Cal hocha la tête et se tourna vers Luke.

— Alors nous passons immédiatement au plan d’Ackbar. Si les Yuuzhan Vong réagissent comme Ackbar l’a prévu, alors peut-être qu’ils n’auront pas le temps de tous nous massacrer.

— Bien, Monsieur, répondit Luke, l’esprit déjà perdu dans toutes sortes de calculs.

Il faudrait donc trois à quatre mois pour qu’Alpha Rouge soit de nouveau opérationnel.

Ce qui signifiait que Luke disposait de trois mois pour gagner la guerre.

Et si, au terme de ce délai, l’ennemi était effectivement au bord de la défaite, alors peut-être que Cal renoncerait à utiliser l’arme pour éliminer totalement les Yuuzhan Vong.

 

Les Jedi étaient ses yeux et ses oreilles. Les formations flottaient dans l’esprit de Jacen : les vaisseaux de transport lents et lourds, les navires capitaux bardés d’armement, les escadrons de chasseurs stellaires si rapides…

Il s’agissait d’un exercice de la Flotte. Un camp, aidé par le lien mental produit par les Jedi, s’opposait à un autre, largement supérieur en nombre, qui n’en bénéficiait pas. La Force brillait dans l’âme de Jacen comme un feu brûlant, il manœuvrait les escadrons alliés comme les pièces d’un immense puzzle, essayant de deviner, très longtemps à l’avance, les conséquences de chacun de ses mouvements.

La flotte adverse réagit. Les deux formations entrèrent en conflit, tous lasers éteints, les ordinateurs se chargeant de lancer des missiles simulés.
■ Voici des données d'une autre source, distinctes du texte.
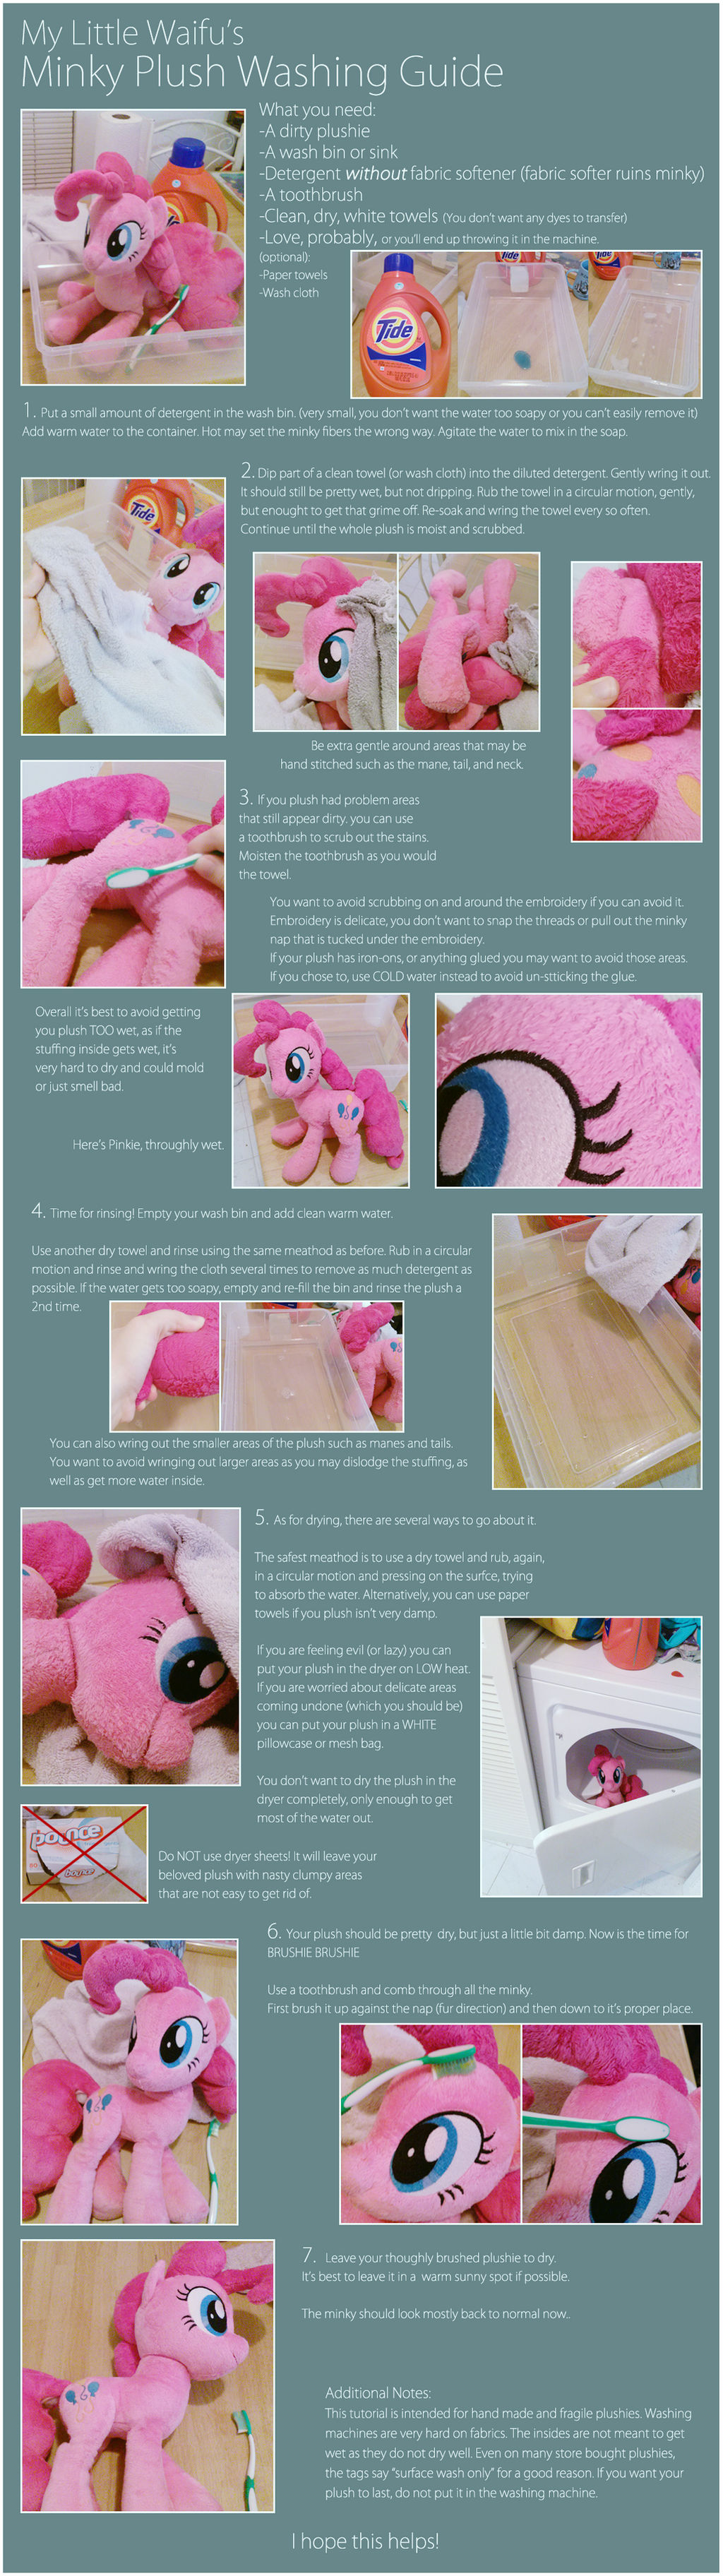 Minky Plush Washing Guide by ButtercupBabyPPG
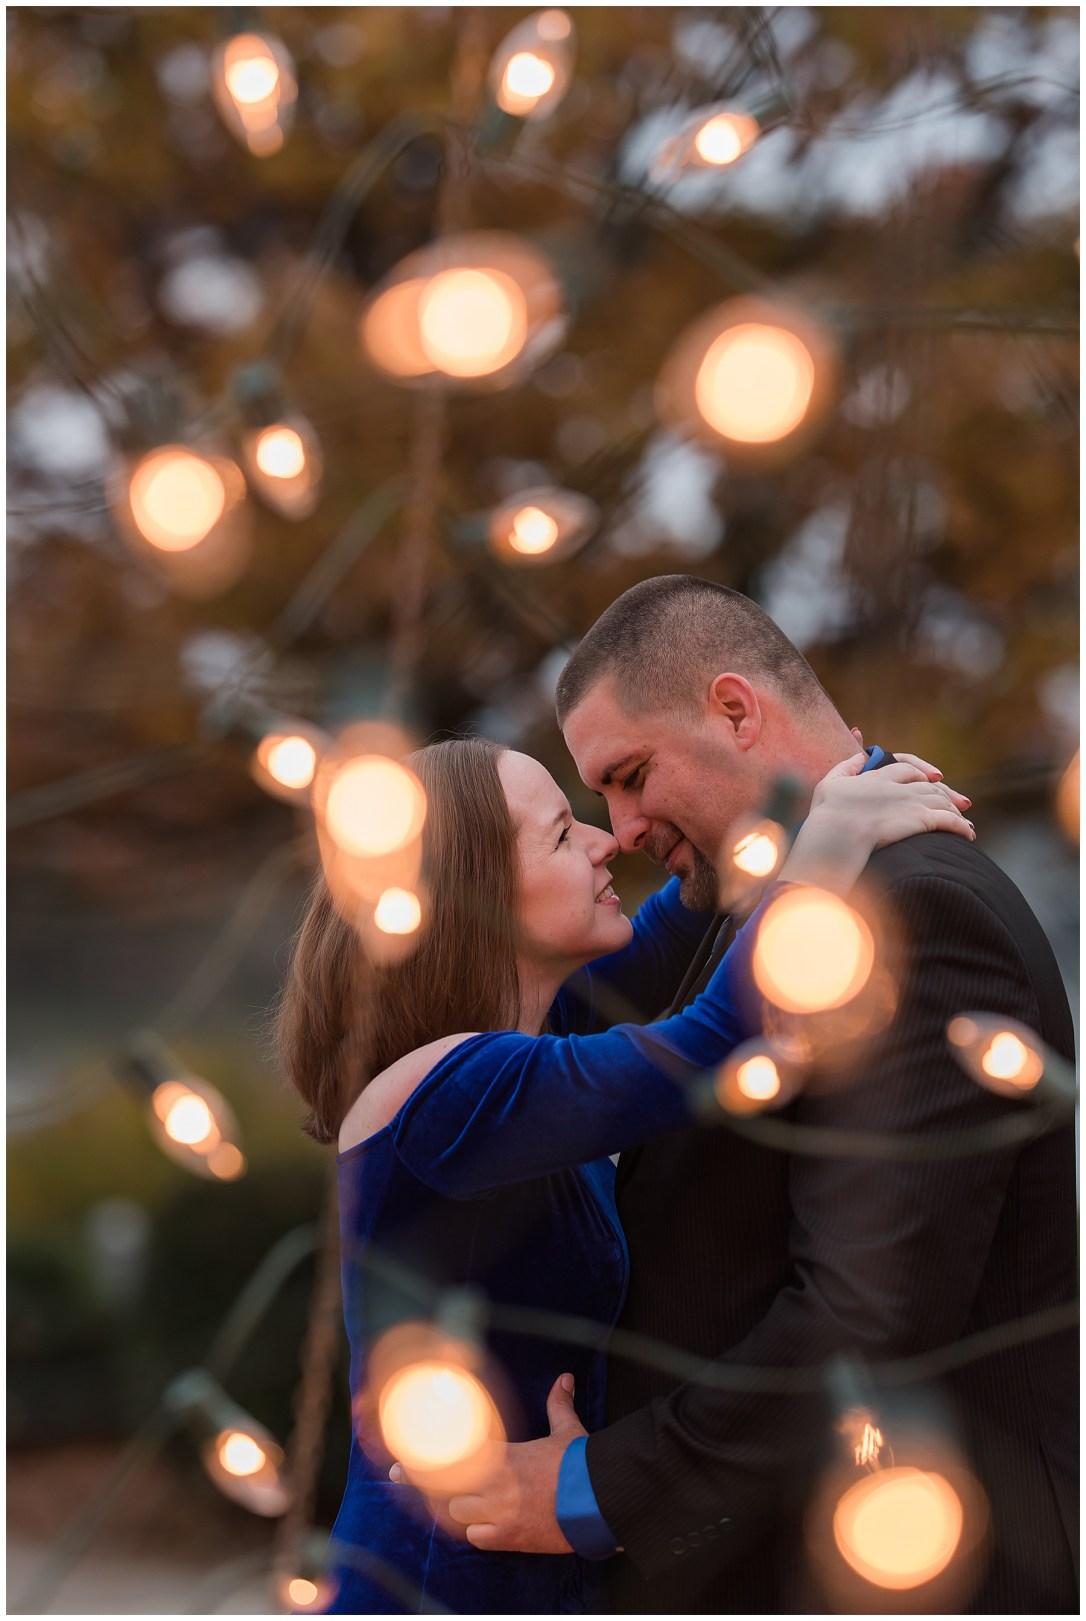 Christmas light engagement photos

L’image imprimée dans l’esprit de Jacen sembla s’étendre, les informations lui parvenaient en plus grand nombre et il lutta pour tenter d’en emmagasiner le plus possible, il sentit une goutte de sueur glisser le long de l’arête de son nez. L’image se détériora, se transformant en une confusion frénétique ponctuée par de rares moments de clarté.

Le lien mental se rompait toujours lorsque la situation devenait trop complexe. Jacen pouvait tenir et contrôler un grand nombre de Jedi, comme cela s’était produit pour ceux engagés dans le raid sur Duro, mais au-delà de cela, ses aptitudes se réduisaient considérablement. C’était très frustrant car il savait qu’il existait un moyen pour arriver à contrôler entièrement la situation, sans y être toutefois jamais parvenu. Si seulement plus de Jedi pouvaient joindre leur esprit au lien psychique… Si seulement il arrivait à se maîtriser et à canaliser son intelligence…

Pourtant, ses manœuvres préliminaires avaient permis à la flotte alliée de se maintenir en bonne position. Au cours de la bataille, il avait eu quelques éclairs de génie lui permettant de trouver un vague sens à tout ce chaos. Quand l’exercice prit fin, la supériorité en nombre de l’adversaire avait été annulée et les « pertes » simulées dans chacun des camps laissaient l’avantage à la flotte conduite par Jacen.

— Dis-moi, Solo, la prochaine fois, essaie de faire en sorte qu’on ne me tue pas dès le début ! annonça amèrement Corran Horn dans le comlink à la suite de sa participation des plus réduites au combat.

Jacen lui adressa ses excuses. Il fallait qu’il s’améliore. La prochaine fois, les missiles ne seraient pas simulés.

— Beau travail, Jacen ! (En dehors du lien de la Force, à l’autre bout de la passerelle du Ralroost, la silhouette couleur crème de l’Amiral Kre’fey semblait faire des bonds.) Lors du prochain affrontement, nous les pilonnerons !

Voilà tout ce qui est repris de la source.